--- RECORD EXCERPTS ---
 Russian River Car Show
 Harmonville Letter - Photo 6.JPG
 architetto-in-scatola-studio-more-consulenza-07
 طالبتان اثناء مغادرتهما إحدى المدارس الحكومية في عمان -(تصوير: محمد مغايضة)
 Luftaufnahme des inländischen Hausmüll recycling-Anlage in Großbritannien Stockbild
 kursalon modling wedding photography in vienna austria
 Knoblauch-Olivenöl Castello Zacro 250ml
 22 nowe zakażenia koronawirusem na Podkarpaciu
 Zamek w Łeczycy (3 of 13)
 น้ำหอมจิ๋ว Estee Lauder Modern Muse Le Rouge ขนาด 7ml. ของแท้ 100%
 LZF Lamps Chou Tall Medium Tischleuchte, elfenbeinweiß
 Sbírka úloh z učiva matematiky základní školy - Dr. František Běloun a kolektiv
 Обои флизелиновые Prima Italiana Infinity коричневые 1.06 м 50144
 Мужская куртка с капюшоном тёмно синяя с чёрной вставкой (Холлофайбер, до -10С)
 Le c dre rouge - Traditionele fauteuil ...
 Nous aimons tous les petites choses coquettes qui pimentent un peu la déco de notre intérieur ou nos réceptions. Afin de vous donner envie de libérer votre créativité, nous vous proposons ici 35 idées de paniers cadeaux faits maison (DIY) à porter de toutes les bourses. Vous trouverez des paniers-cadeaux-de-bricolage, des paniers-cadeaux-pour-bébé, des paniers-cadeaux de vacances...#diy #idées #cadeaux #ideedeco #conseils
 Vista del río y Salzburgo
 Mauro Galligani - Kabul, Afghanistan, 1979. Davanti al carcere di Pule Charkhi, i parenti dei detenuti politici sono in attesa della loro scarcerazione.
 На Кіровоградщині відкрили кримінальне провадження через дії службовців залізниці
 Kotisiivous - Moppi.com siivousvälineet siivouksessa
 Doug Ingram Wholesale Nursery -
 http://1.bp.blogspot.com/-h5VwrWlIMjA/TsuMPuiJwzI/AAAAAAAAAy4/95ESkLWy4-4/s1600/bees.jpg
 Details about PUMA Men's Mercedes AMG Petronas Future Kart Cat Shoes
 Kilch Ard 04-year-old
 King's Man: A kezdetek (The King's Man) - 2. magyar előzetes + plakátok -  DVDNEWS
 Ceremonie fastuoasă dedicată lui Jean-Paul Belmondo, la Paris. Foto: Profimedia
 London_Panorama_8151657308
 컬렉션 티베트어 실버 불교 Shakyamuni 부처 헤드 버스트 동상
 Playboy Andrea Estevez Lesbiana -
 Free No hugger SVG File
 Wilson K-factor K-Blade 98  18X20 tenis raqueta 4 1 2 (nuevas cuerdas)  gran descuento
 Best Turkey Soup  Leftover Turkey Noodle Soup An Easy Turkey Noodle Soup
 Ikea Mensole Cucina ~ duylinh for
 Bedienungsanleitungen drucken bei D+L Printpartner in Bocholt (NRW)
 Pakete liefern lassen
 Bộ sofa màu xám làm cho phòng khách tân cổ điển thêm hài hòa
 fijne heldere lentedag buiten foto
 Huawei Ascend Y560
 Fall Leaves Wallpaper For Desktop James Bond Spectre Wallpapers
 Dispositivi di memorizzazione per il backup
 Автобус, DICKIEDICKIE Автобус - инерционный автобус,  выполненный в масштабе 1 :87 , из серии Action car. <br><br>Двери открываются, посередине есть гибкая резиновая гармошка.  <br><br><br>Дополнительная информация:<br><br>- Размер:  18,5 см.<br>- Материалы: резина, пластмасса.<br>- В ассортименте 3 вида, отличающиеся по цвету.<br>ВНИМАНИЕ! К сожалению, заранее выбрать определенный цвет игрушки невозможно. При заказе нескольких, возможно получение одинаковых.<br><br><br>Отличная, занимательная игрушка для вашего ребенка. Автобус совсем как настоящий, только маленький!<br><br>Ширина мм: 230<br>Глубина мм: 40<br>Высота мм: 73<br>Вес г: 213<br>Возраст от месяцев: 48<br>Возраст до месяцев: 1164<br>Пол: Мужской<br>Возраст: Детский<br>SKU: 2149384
---
Every entry is to be repeated exactly as it stands.

 Russian River Car Show
 Harmonville Letter - Photo 6.JPG
 architetto-in-scatola-studio-more-consulenza-07
 طالبتان اثناء مغادرتهما إحدى المدارس الحكومية في عمان -(تصوير: محمد مغايضة)
 Luftaufnahme des inländischen Hausmüll recycling-Anlage in Großbritannien Stockbild
 kursalon modling wedding photography in vienna austria
 Knoblauch-Olivenöl Castello Zacro 250ml
 22 nowe zakażenia koronawirusem na Podkarpaciu
 Zamek w Łeczycy (3 of 13)
 น้ำหอมจิ๋ว Estee Lauder Modern Muse Le Rouge ขนาด 7ml. ของแท้ 100%
 LZF Lamps Chou Tall Medium Tischleuchte, elfenbeinweiß
 Sbírka úloh z učiva matematiky základní školy - Dr. František Běloun a kolektiv
 Обои флизелиновые Prima Italiana Infinity коричневые 1.06 м 50144
 Мужская куртка с капюшоном тёмно синяя с чёрной вставкой (Холлофайбер, до -10С)
 Le c dre rouge - Traditionele fauteuil ...
 Nous aimons tous les petites choses coquettes qui pimentent un peu la déco de notre intérieur ou nos réceptions. Afin de vous donner envie de libérer votre créativité, nous vous proposons ici 35 idées de paniers cadeaux faits maison (DIY) à porter de toutes les bourses. Vous trouverez des paniers-cadeaux-de-bricolage, des paniers-cadeaux-pour-bébé, des paniers-cadeaux de vacances...#diy #idées #cadeaux #ideedeco #conseils
 Vista del río y Salzburgo
 Mauro Galligani - Kabul, Afghanistan, 1979. Davanti al carcere di Pule Charkhi, i parenti dei detenuti politici sono in attesa della loro scarcerazione.
 На Кіровоградщині відкрили кримінальне провадження через дії службовців залізниці
 Kotisiivous - Moppi.com siivousvälineet siivouksessa
 Doug Ingram Wholesale Nursery -
 http://1.bp.blogspot.com/-h5VwrWlIMjA/TsuMPuiJwzI/AAAAAAAAAy4/95ESkLWy4-4/s1600/bees.jpg
 Details about PUMA Men's Mercedes AMG Petronas Future Kart Cat Shoes
 Kilch Ard 04-year-old
 King's Man: A kezdetek (The King's Man) - 2. magyar előzetes + plakátok -  DVDNEWS
 Ceremonie fastuoasă dedicată lui Jean-Paul Belmondo, la Paris. Foto: Profimedia
 London_Panorama_8151657308
 컬렉션 티베트어 실버 불교 Shakyamuni 부처 헤드 버스트 동상
 Playboy Andrea Estevez Lesbiana -
 Free No hugger SVG File
 Wilson K-factor K-Blade 98  18X20 tenis raqueta 4 1 2 (nuevas cuerdas)  gran descuento
 Best Turkey Soup  Leftover Turkey Noodle Soup An Easy Turkey Noodle Soup
 Ikea Mensole Cucina ~ duylinh for
 Bedienungsanleitungen drucken bei D+L Printpartner in Bocholt (NRW)
 Pakete liefern lassen
 Bộ sofa màu xám làm cho phòng khách tân cổ điển thêm hài hòa
 fijne heldere lentedag buiten foto
 Huawei Ascend Y560
 Fall Leaves Wallpaper For Desktop James Bond Spectre Wallpapers
 Dispositivi di memorizzazione per il backup
 Автобус, DICKIEDICKIE Автобус - инерционный автобус,  выполненный в масштабе 1 :87 , из серии Action car. <br><br>Двери открываются, посередине есть гибкая резиновая гармошка.  <br><br><br>Дополнительная информация:<br><br>- Размер:  18,5 см.<br>- Материалы: резина, пластмасса.<br>- В ассортименте 3 вида, отличающиеся по цвету.<br>ВНИМАНИЕ! К сожалению, заранее выбрать определенный цвет игрушки невозможно. При заказе нескольких, возможно получение одинаковых.<br><br><br>Отличная, занимательная игрушка для вашего ребенка. Автобус совсем как настоящий, только маленький!<br><br>Ширина мм: 230<br>Глубина мм: 40<br>Высота мм: 73<br>Вес г: 213<br>Возраст от месяцев: 48<br>Возраст до месяцев: 1164<br>Пол: Мужской<br>Возраст: Детский<br>SKU: 2149384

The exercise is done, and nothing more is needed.